Greinke should win AL Cy Young

Posted September 23, 2009

Every year around this time we begin to discuss the candidacies of several Cy Young and MVP contenders, and this season is no different.

The NL MVP was wrapped up by Albert Pujols before Easter, and the engraver for the AL version should already be double-checking the spelling of the word “Mauer.”

As for the Cy Young awards, that’s a different story.

With guys like Tim Lincecum, Adam Wainwright and Chris Carpenter all on contending teams in the National League, the race is tighter than a Drew Brees spiral. In the AL, there is a guy on a non-contending team that in my opinion is lapping the field.

That man is Zack Greinke.

Greinke likely won’t end up with the league lead in wins and he most certainly won’t lead his team to the World Series, the playoffs, or even a .500 record.

Instead, he is putting together one of the best pitching seasons nobody will ever remember.

At 15-8, his win total seems modest - after all, 20 wins has been and will continue to be the benchmark for pitching greatness in any one year.

But when it comes to pitching, wins can actually be one of the game's most misleading statistics.

Pitchers that play for high powered offenses can often still win games even when they aren’t throwing their best simply because their team can outscore its opponent.

C.C. Sabathia of the Yankees – one of Greinke’s main competitors for this year award - for instance, has won six games in which he gave up three earned runs or more. Greinke, on the other hand, has lost three games in which he gave up two runs or less.
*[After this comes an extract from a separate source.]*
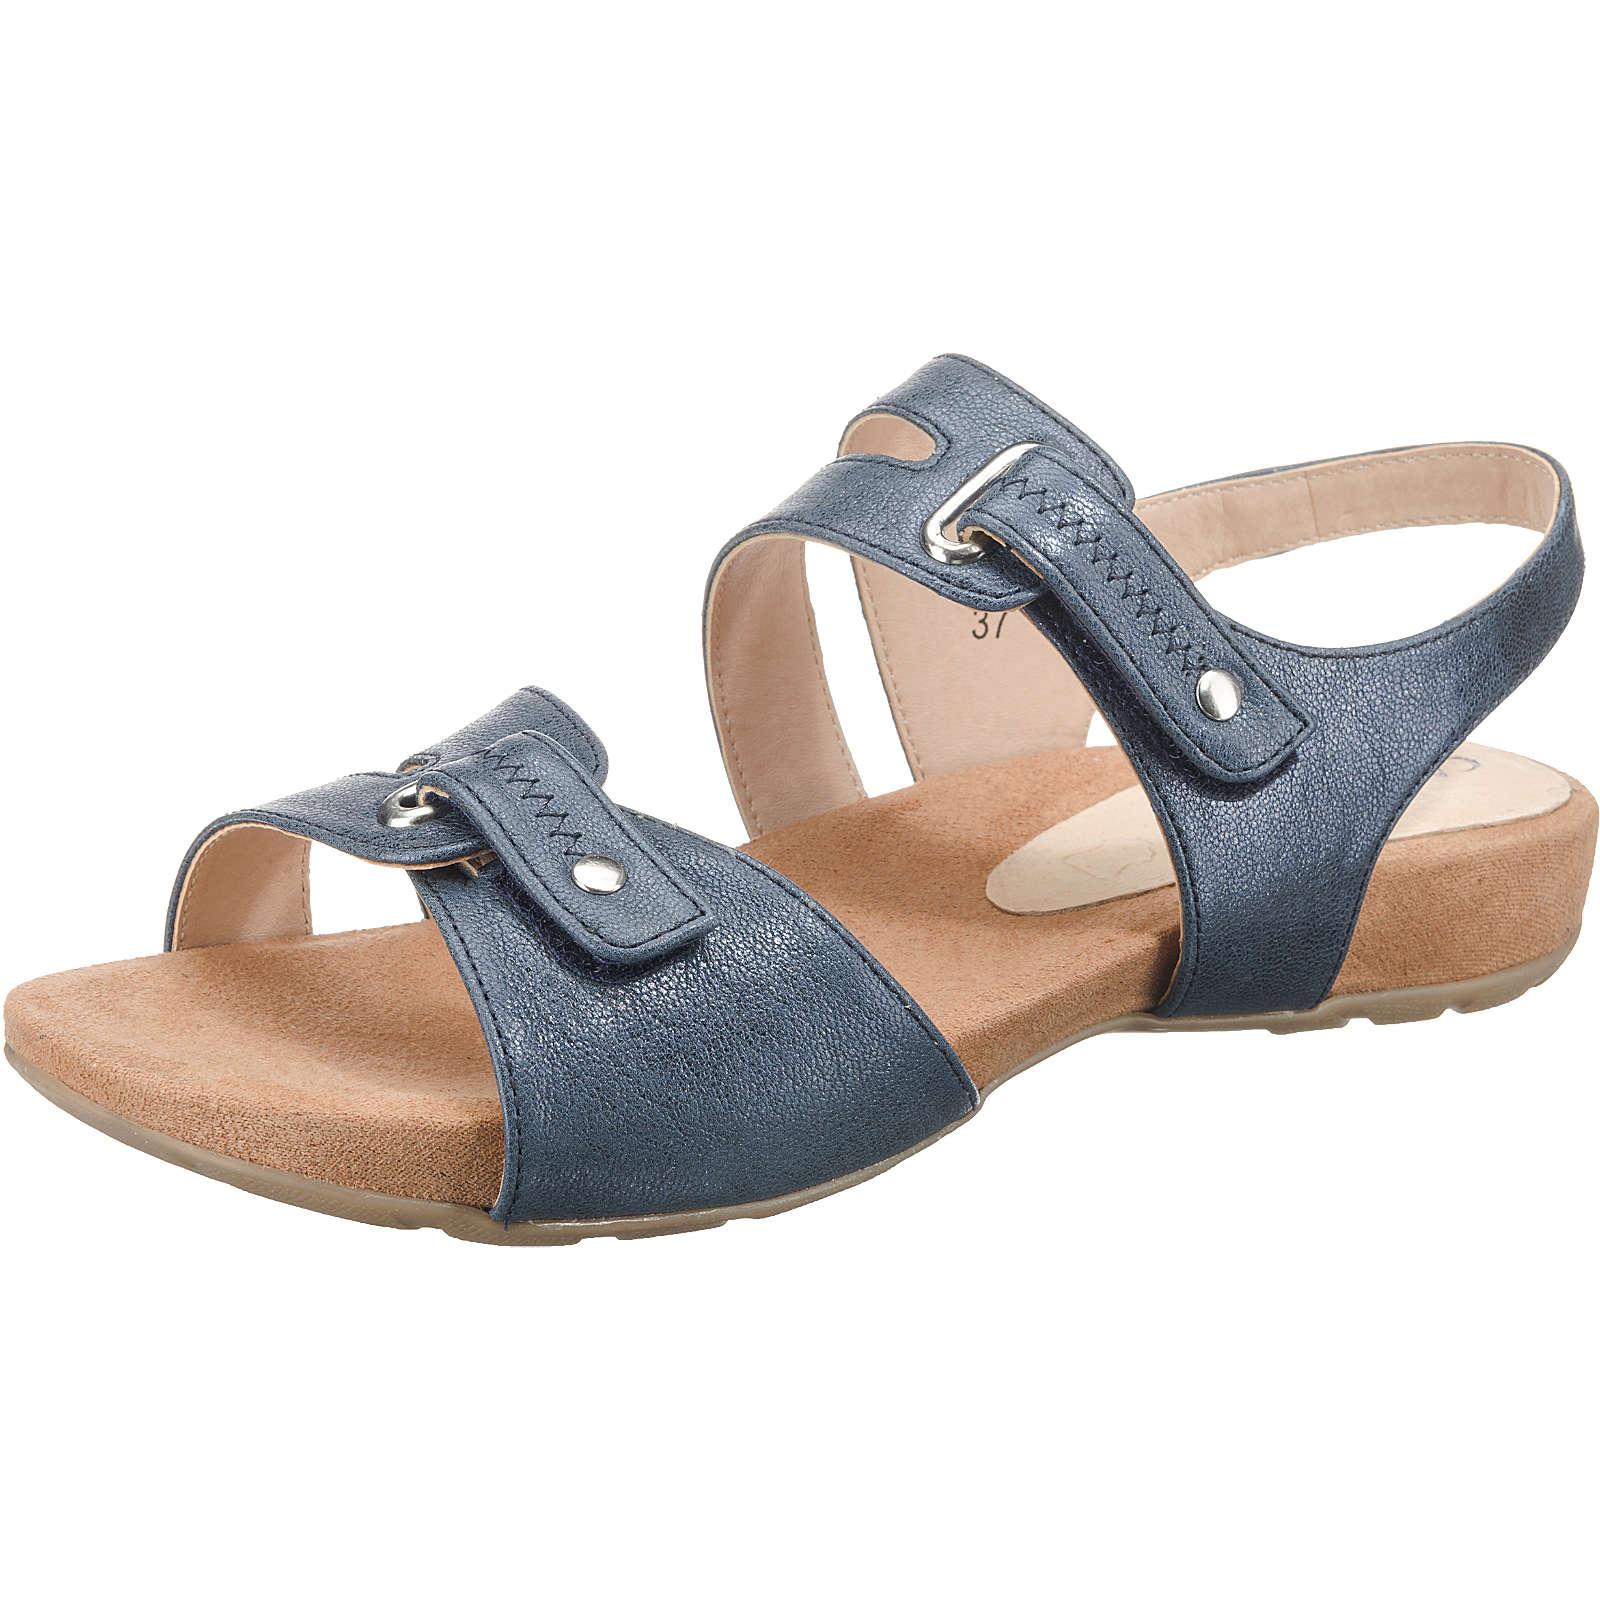 CAPRICE Komfort-Sandalen blau-kombi Damen Gr. 40

Greinke has eight no decisions this year – his ERA in those contests? Less than 2.00.

If he’s on the Yankees or Red Sox, chances are he wins at least three-quarters of those games - add six to his current total, and he’s already at 21 with two starts left to add to the total.

Sure, he won’t be able to say he led his team to the postseason, but it’s not like Greinke didn’t hold up his end of the bargain. Against the teams that will likely make the playoffs in the AL this year - the Yankees, Red Sox, Tigers and Angels – the former sixth-overall pick in the 2002 draft has allowed a ridiculous five earned runs in 58 innings.
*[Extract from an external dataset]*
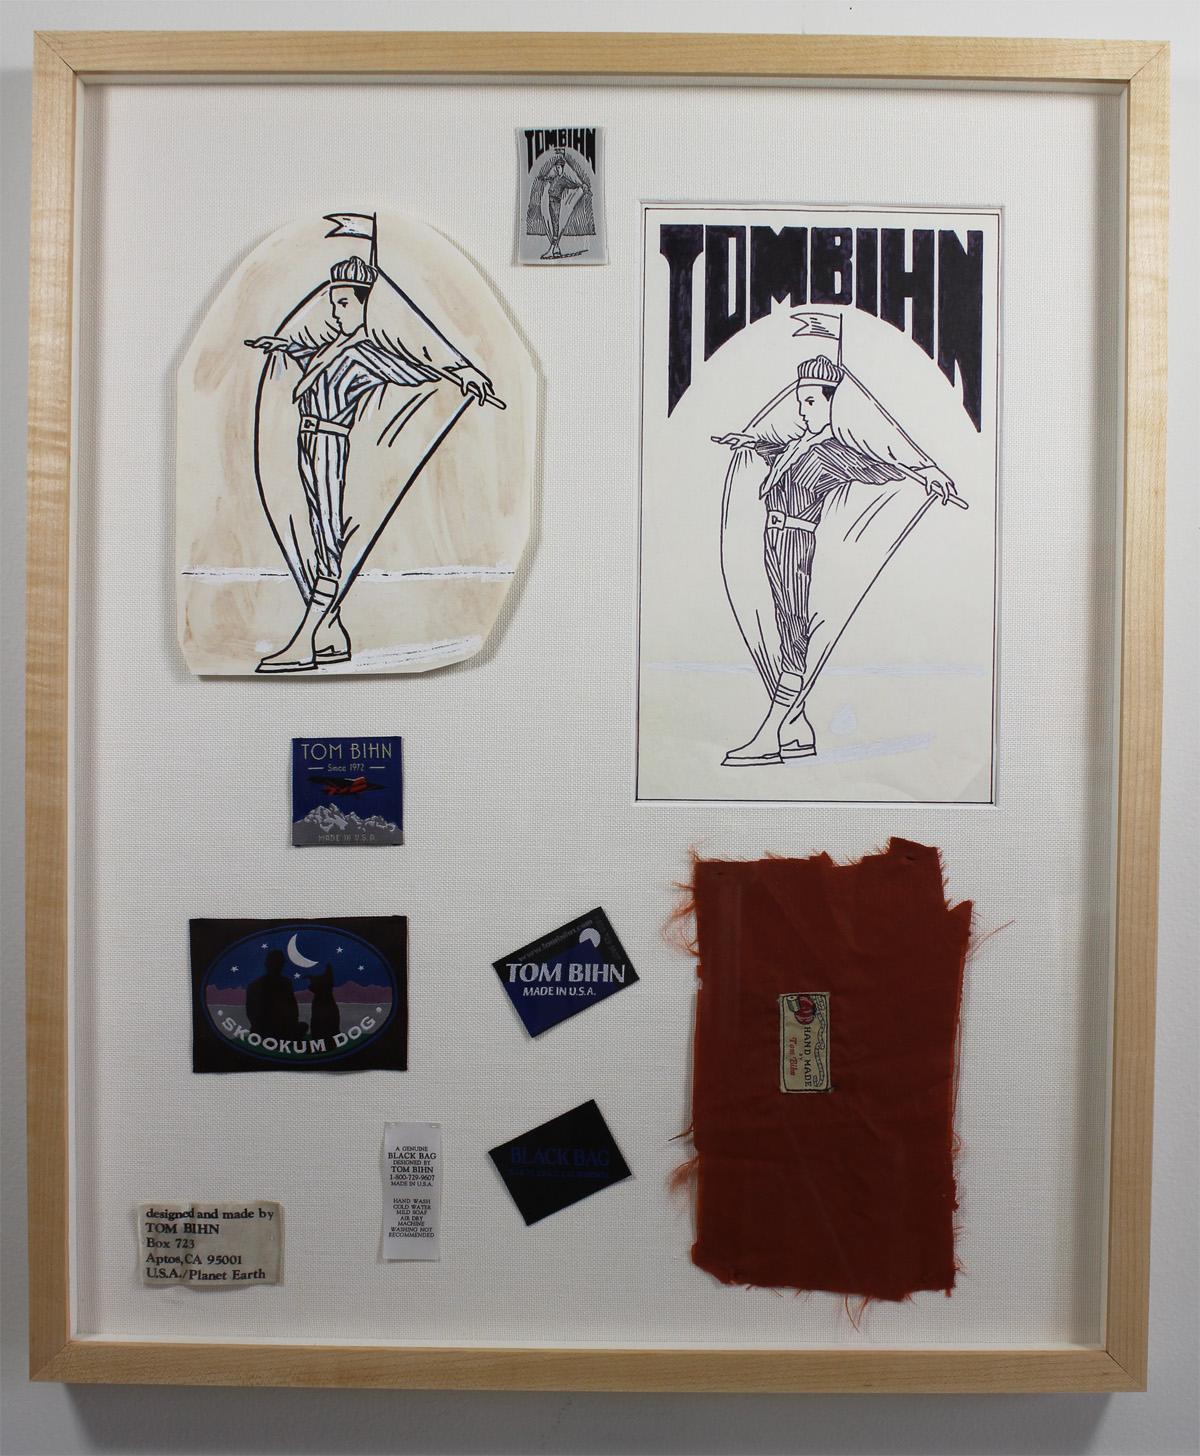 Tom Bihn Labels.jpg

The 6-foot-2 right-hander leads the league in ERA, WHIP (walks plus hits per innings pitched), shutouts, and home runs per nine innings, and he’s second in the AL in strikeouts and complete games.

The sixth-year pro is consistent, durable, and most importantly, equipped with nasty stuff.
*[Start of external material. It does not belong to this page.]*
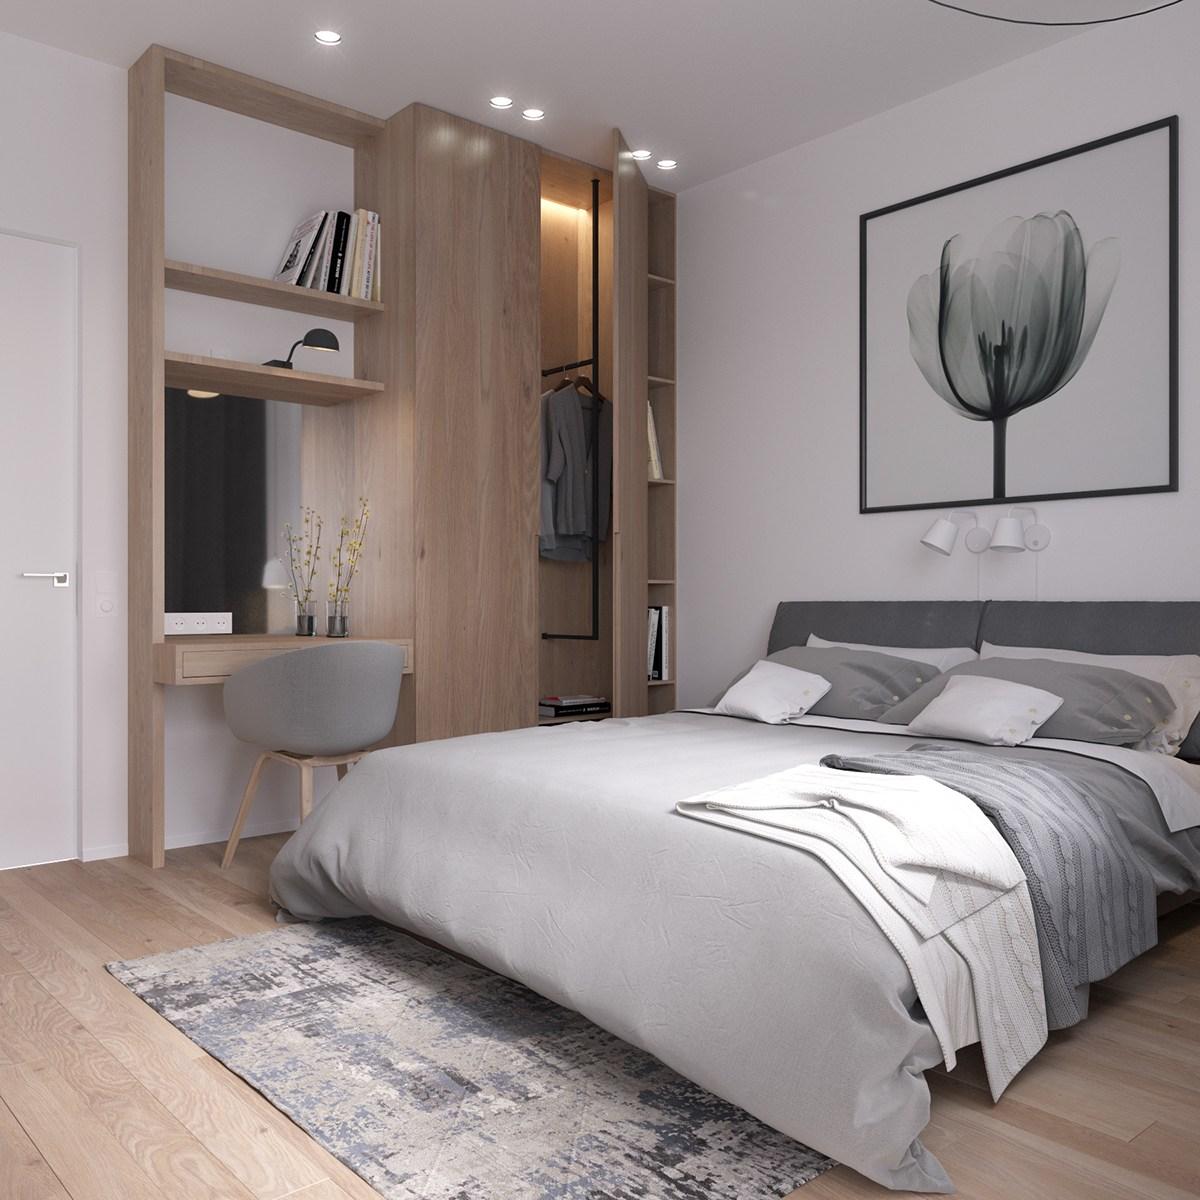 http://www.slaapkamer-ideeen.nl/wp-content/uploads/moderne-slaapkamer-met-werkplek-kledingkast-combinatie-2.jpg

He’s an ace, so he goes against every other team’s number one, and he does it every five days knowing that no matter what he does, it doesn’t really matter in the grand scheme of things.

Starting pitchers on contending teams have a fan base, coaching staff and dugout full of players keeping them psyched for the possibility of a World Championship.

It’s harder to go out to the mound from mid-June on knowing there is nothing to play for other than pride and a paycheck, and yet there Greinke is, as reliable as his face looks young.

Felix Hernandez, the player with the league's second-best pitching resume, has ERA and WHIP numbers that are at least in the same realm as Greinke (though both are worse), but he’s walked 24 more batters while striking out 28 less.

Greinke and his team have already lost 88 times this year - this is one contest he should win.